Gelin, zaman ırmağının nereye aktığını birlikte düşünelim. Birlikte, gelecekle iş yapmayı, daha çok konuşalım. Türkiye ve Belçika arasındaki ilişkilerin geçmişi, gelecek için işbirliğimiz konusunda heyecan veriyor. 178 yıldır süregelen olumlu ilişkileri daha ileriye taşımak istiyoruz. Bunu başarabilmek için, ekonomik ve kültürel ilişkilerimizin gelişmesine engel olan bazı uygulamalara da son vermemiz gerekiyor. Bunlardan birisi, vizeler. Suriyeli göçmenler konusunu çözmek için yapılan görüşmelerde, vizelerin kaldırılması gündeme geldi. Keşke, ana gerekçe göçmen sorunu olmasaydı. Avrupalıların Türkiye ye geldiği gibi, Türklerin de Avrupa ya rahatça gelebilmesi gerektiğinde, umarım hemfikir oluruz. Tarihsel dostluğa sahip, Belçika ve Türkiye ilişkilerinin ivme kazanması da buna bağlı. 10 yılda ticaret hacmimiz 3,5 milyar $'dan 5,8 milyar $'a yükseldi, ama yeterli değil. Belçika dan Türkiye ye yapılan yatırımlar, 6,9 milyar $. Türkiye den Belçika ya yapılan yatırımlar ise 300 milyon $. Türkiye ekonomisi 24 çeyrektir büyüyor. 2015 için %4 büyüme beklerken, 2016 yılında da büyümenin artarak süreceği görünüyor. Gelin, Türkiye ve Belçika arasındaki ticaret hacmini arttıralım. 3. ülkelerde, Afrika, Asya, Ortadoğu ve Güney Amerika'da birlikte ticaret ve yatırım yapmanın yollarını araştıralım.

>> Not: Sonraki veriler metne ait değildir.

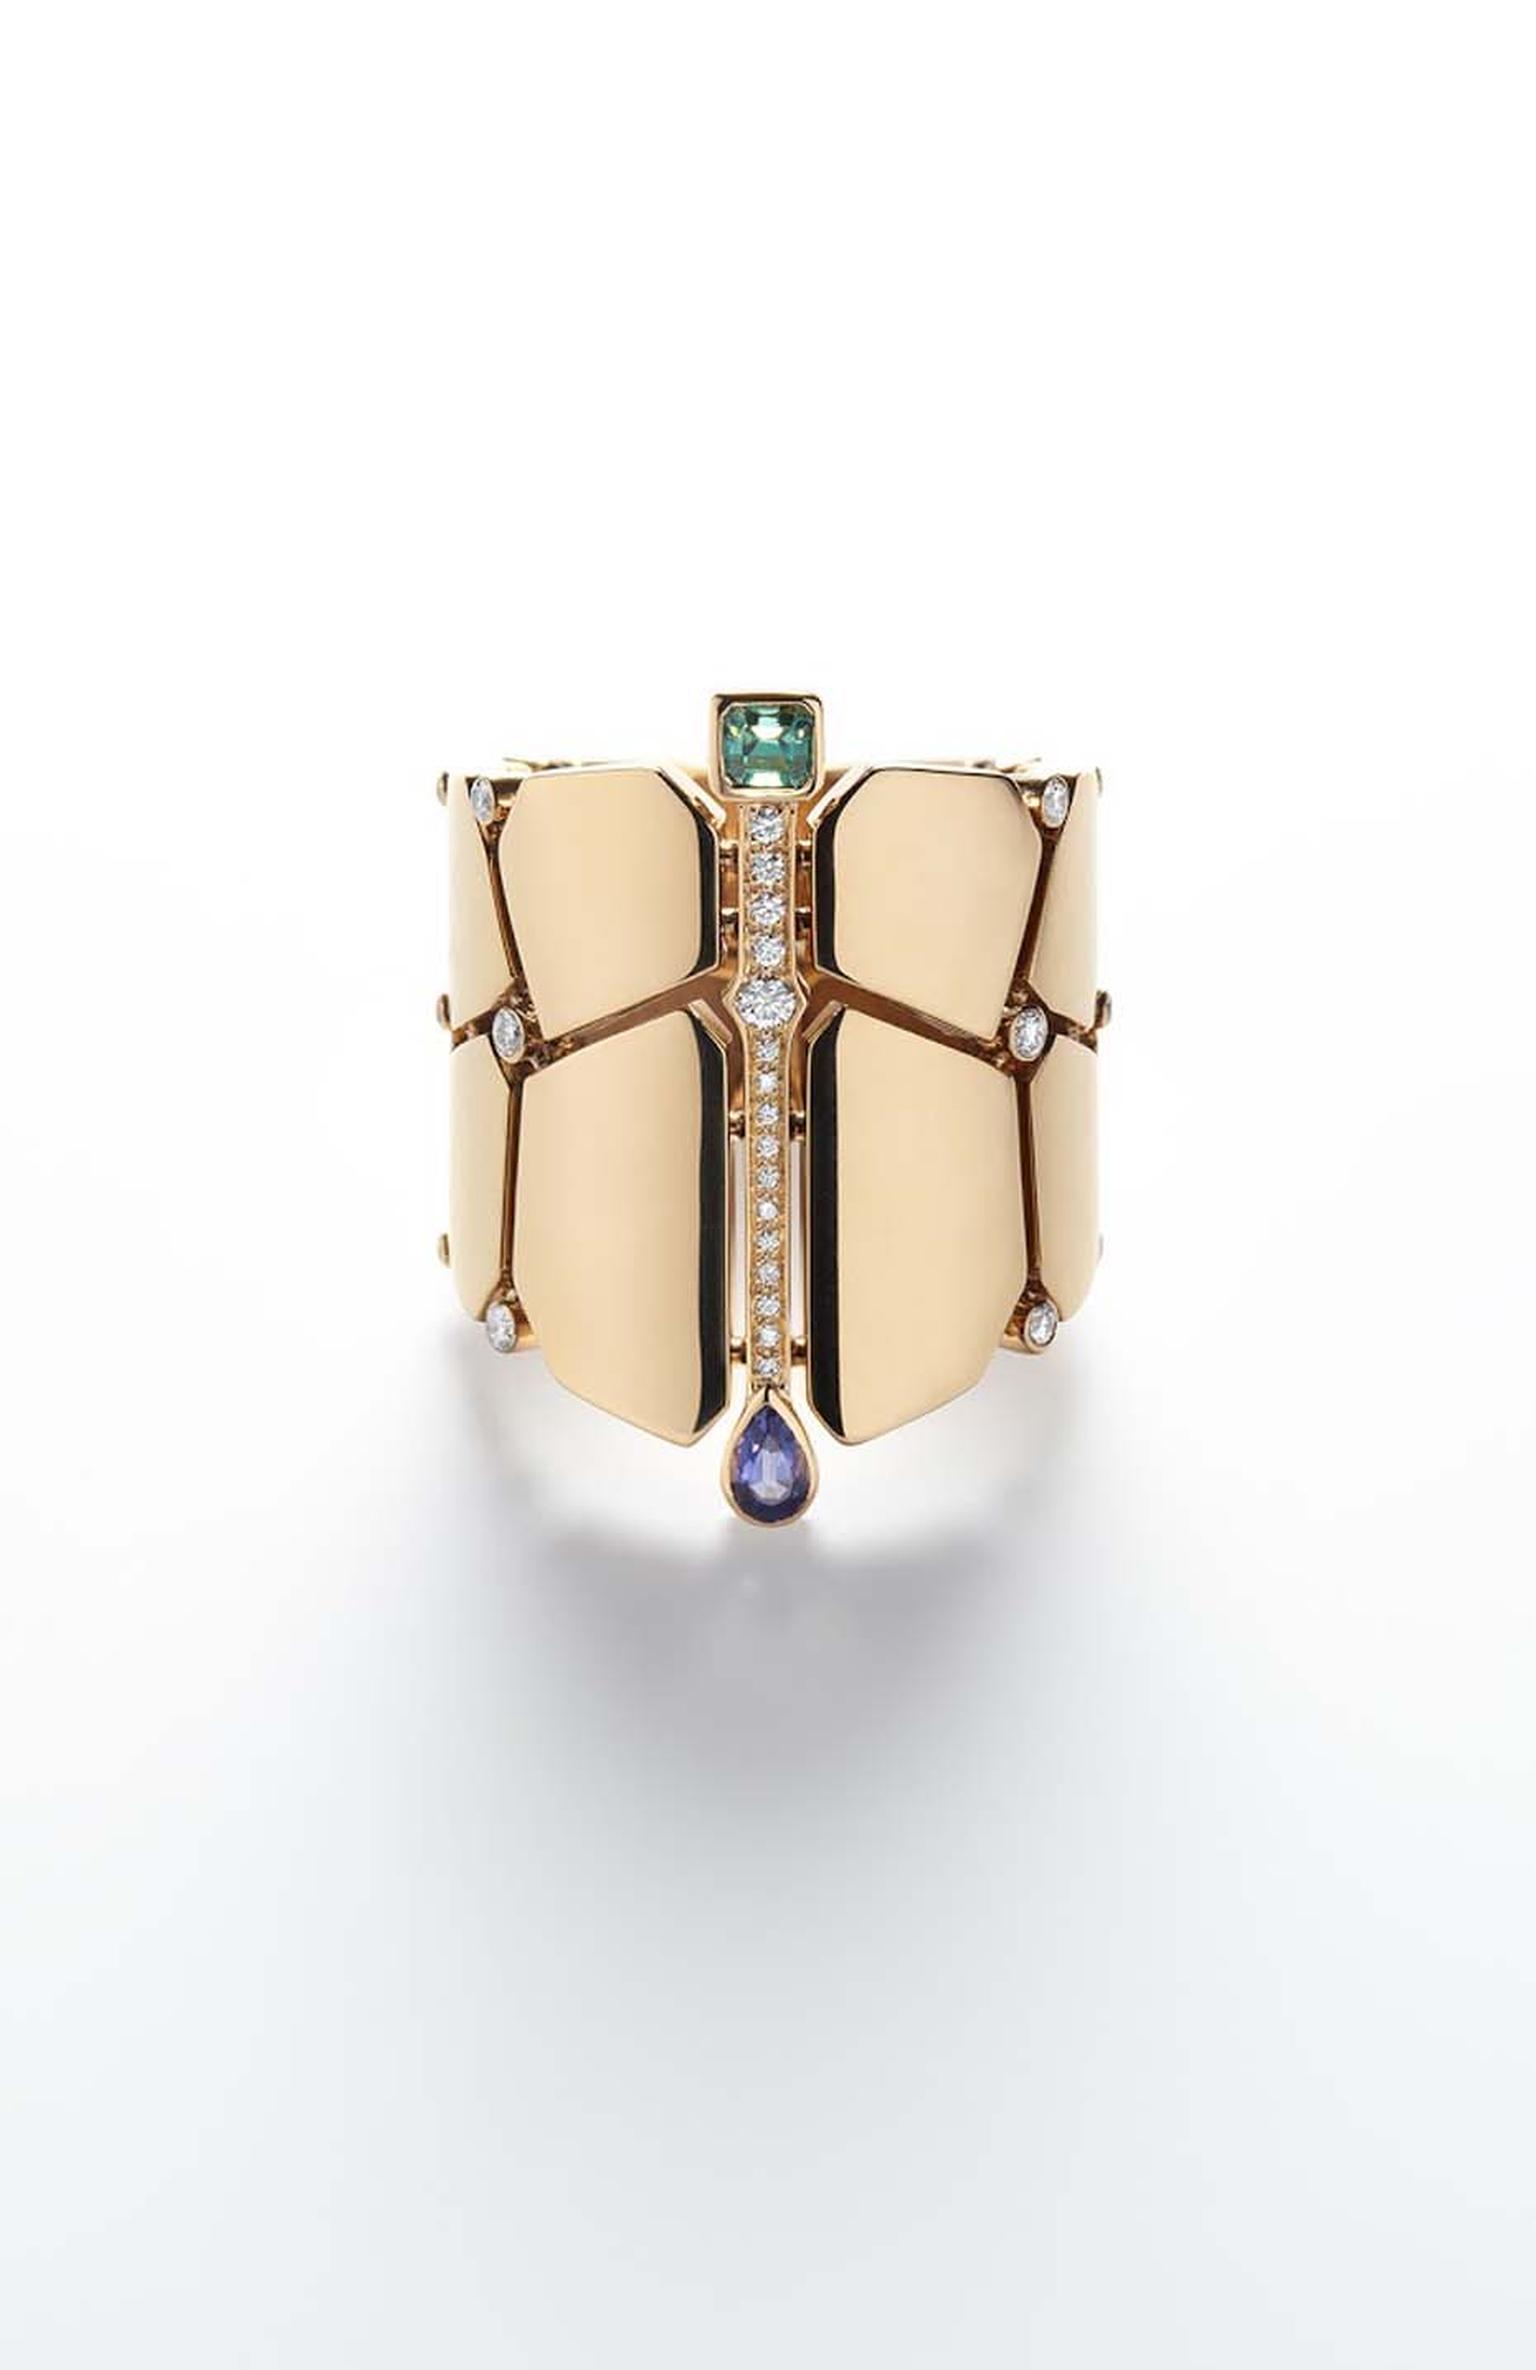 Hermès Niloticus rose gold cuff featuring a series of coloured stones including a pear-shaped iolite and a baguette-shaped beryl as well as brilliant-cut diamonds

Ülke olarak, dev projeleri hayata geçiriyoruz. İstanbul daki 3. Köprü inşaatı tamamlandı. Körfez Geçişi, 2. Boğaz Tüneli ve 3. Havaalanı projesi, bütün hızıyla devam ediyor. Vize gibi uygulamalarla, Irmağın akışını zorlaştırmayalım. Bir başka önemli başlık, TTİP gibi uygulamalarda, etkisiz ama etkilenen eleman olmaktan duyduğumuz rahatsızlığımız. Gümrük Birliğine dahil olduğumuz için AB'nin 3. Ülkelerle yaptığı her anlaşmaya otomatikman, ama tek yönlü olarak katılıyoruz. Takdir edersiniz ki, bizim ülkemize, AB'nin anlaşma yaptığı ülkelerin malları gümrüksüz girebilecekken, bizim ürünlerimizin, o ülkelerde gümrüğe tabi olması, hakkaniyetli bir uygulama olamaz. Bu sebeple, AB ve Türkiye'yi bağlayan Gümrük Birliği Anlaşmasının güncelleme çalışmalarını iş dünyası olarak destekliyoruz. Aksi takdirde, bu haksız rekabetin sonuçları ülkemiz için çok ağır olur. Bunu da, biz kabul edemeyiz. Umarız, bölgedeki konumu ve etkinliği daha iyi anlaşılmaya başlayan Türkiye'nin geleceğinin doğru kurgusunda, dostlarımız, onlardan beklediğimiz gerekli desteği sağlayacaklardır. Değerli Katılımcılar, Yaşlı dünyamızda, yeni bir hikaye yazmanın vakti geldi. İnsanın, kaynak değil, kıymet olarak algılanacağı bir ekonomik anlayışın vaktidir. Brüksel de AB zirveleri düzenleniyor, göçmen sorununa çözüm bulmak için bir araya geliniyor. Türkiye nin çözüm planları tartışılıyor.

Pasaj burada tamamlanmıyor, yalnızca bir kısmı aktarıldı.